Ocean floor could store century of US carbon emissions

Alok Jha, science correspondent
guardian.co.uk,
Monday July 14, 2008

A century's worth of future carbon dioxide emissions from the US could be stored securely in a layer of undersea rocks within easy reach of the west coast of the continent, according to a new study.
The Juan de Fuca plate, which comprises the ocean floor a few hundred kilometres from the coasts of Washington and Oregon, contains layers of basalt that geologists think might be suitable for long-term sequestration of CO2 as part of a carbon capture and storage (CCS) system.
CCS is a set of technologies to trap, transport and bury the carbon dioxide from power stations and factories in underground locations such as abandoned oil fields or deep aquifers. Estimates suggest the technique could prevent up to 90% of the greenhouse gas emissions from major emitters being locked away, so preventing global warming.
But "the effectiveness of these methods for CO2 sequestration depends strongly on the reservoir capacity, retention time, stability, and risk for leakage," notes David Goldberg of the Lamont-Doherty Earth Observatory at Columbia University in New York, in the latest edition of the journal Proceedings of the National Academy of Sciences.
Using data from previous geological surveys and drilling studies, Goldberg led a team that estimated there was an area of 78,000 km2 of suitable undersea aquifers on the Juan de Fuca plate.

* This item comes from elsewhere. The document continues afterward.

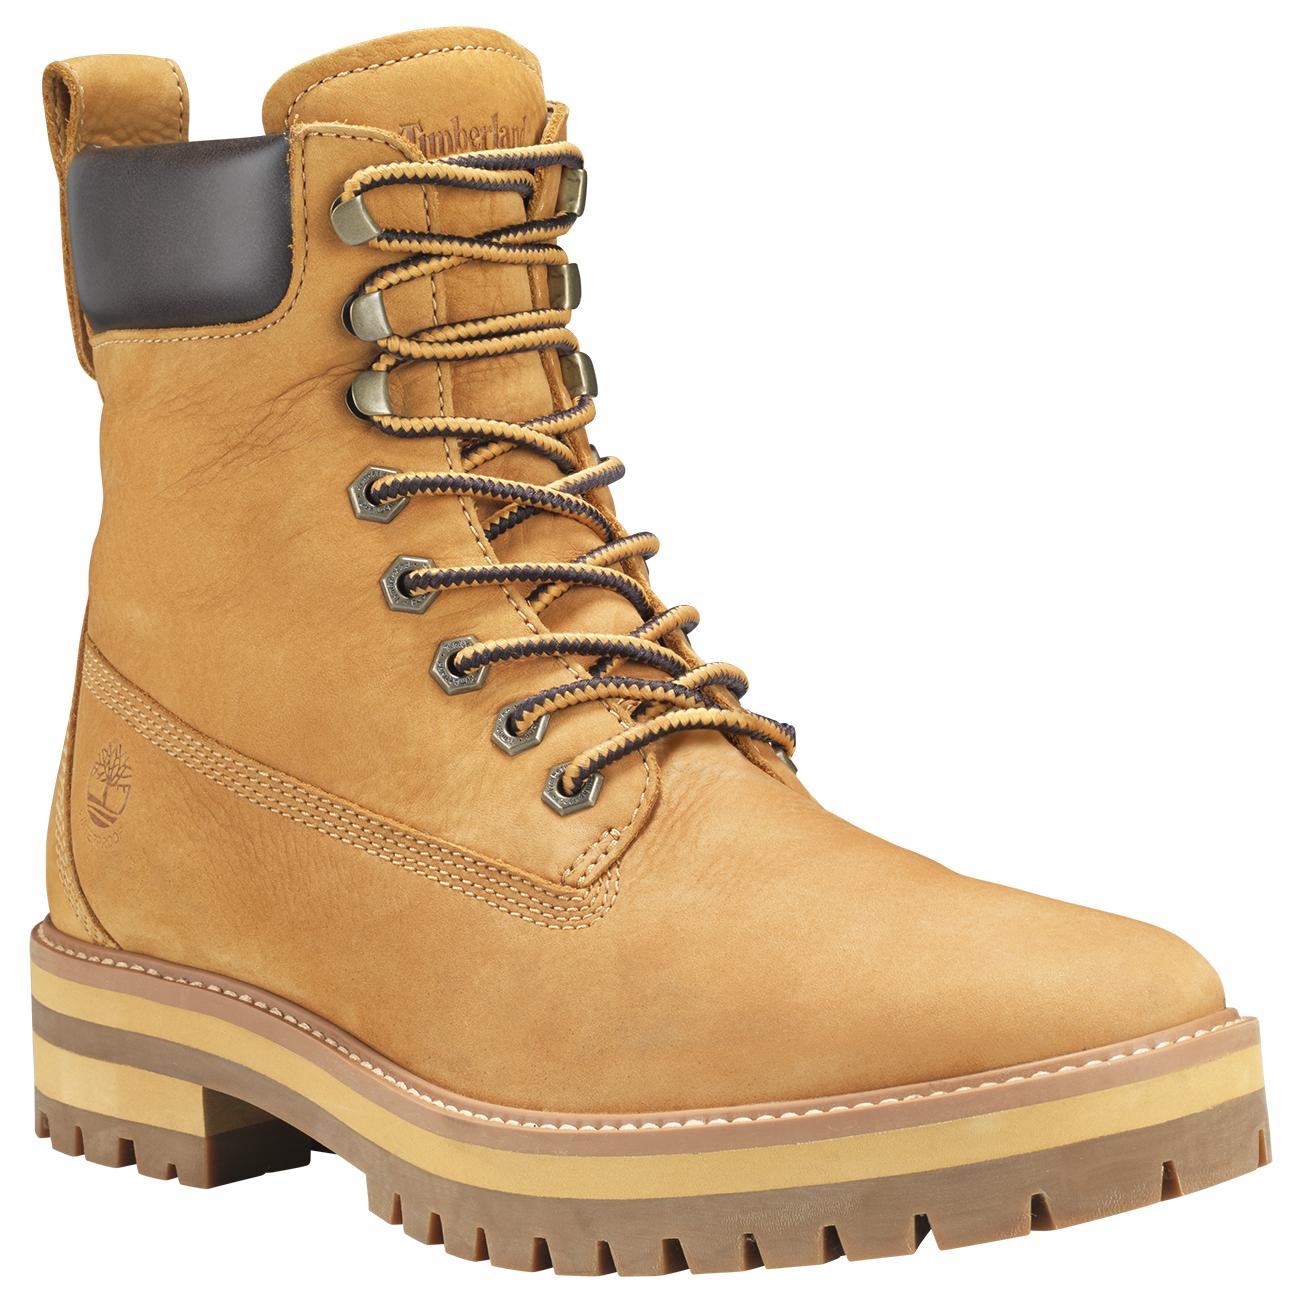 Mens Timberland Courma Guy Boot Walking Outdoor Hiking Waterproof Boot US 7.5-13

The team said that the basaltic geology of the Juan de Fuca plate meant that two methods could be used to store CO2 in the long term: physical trapping and geochemical trapping. The first involves burying the gas under layers of rock that have low or zero permeability: this means the gas is physically blocked from bubbling back to the surface. The second method, also known as mineral trapping, involves CO2 reacting with the rocks into which it is injected to make stable, solid minerals such as carbonates.
Goldberg's criteria for suitable burial sites included the aquifers being under at least 2,700m of water and covered by 200m or more of sediment. At this deep level CO2 liquifies and is denser than sea water, so even if a leak were possible, it should not rise to the surface.
The region identified could potentially store around 208bn tonnes of liquefied CO2, the researchers said, a figure that could rise to 250bn tonnes depending on how much of the gas reacted with the rocks to form carbonates.
At the current annual emission rate of 1.7bn tonnes of carbon a year by the US, the researchers estimated that the Juan de Fuca plate would provide sufficient capacity for 122–147 years.
Andy Chadwick, team leader for CO2 storage research at the British Geological Survey, said that, though the basalt that makes up the Juan de Fuca plate was technically suitable for storing carbon dioxide, there were several unknowns that needed investigation before scientists could conclude it was a secure place for CO2 storage.
He said that, for example, Goldberg's team was relying on finding fractures in the basalt to physically pump in and store the CO2. "These fractures they're depending on for the storage capacity may also be connected to the surface or the seabed and would provide leakage pathways," said Chadwick.
It would be technically very difficult to analyse the basalt in sufficient detail to find all the fractures and ensure they were secure. For now, he said, depleted oil and gas fields were a better option for CCS systems. "They are the easiest targets because they are well-characterised and we know they are good geological fields.
"The only problems are they have lots of wells made through them and it's the man-made wells that would provide the greatest hazards of leakage. But they are certainly preferable at the moment to putting CO2 into basalt."
Goldberg himself notes that, even if further study confirms the Juan de Fuca plate as a suitable location for storing carbon, challenges remain in establishing the necessary infrastructure. Pipelines would be needed to transport the CO2, they would need to be maintained and monitoring systems would need to watch for leakages – all of which remains to be costed.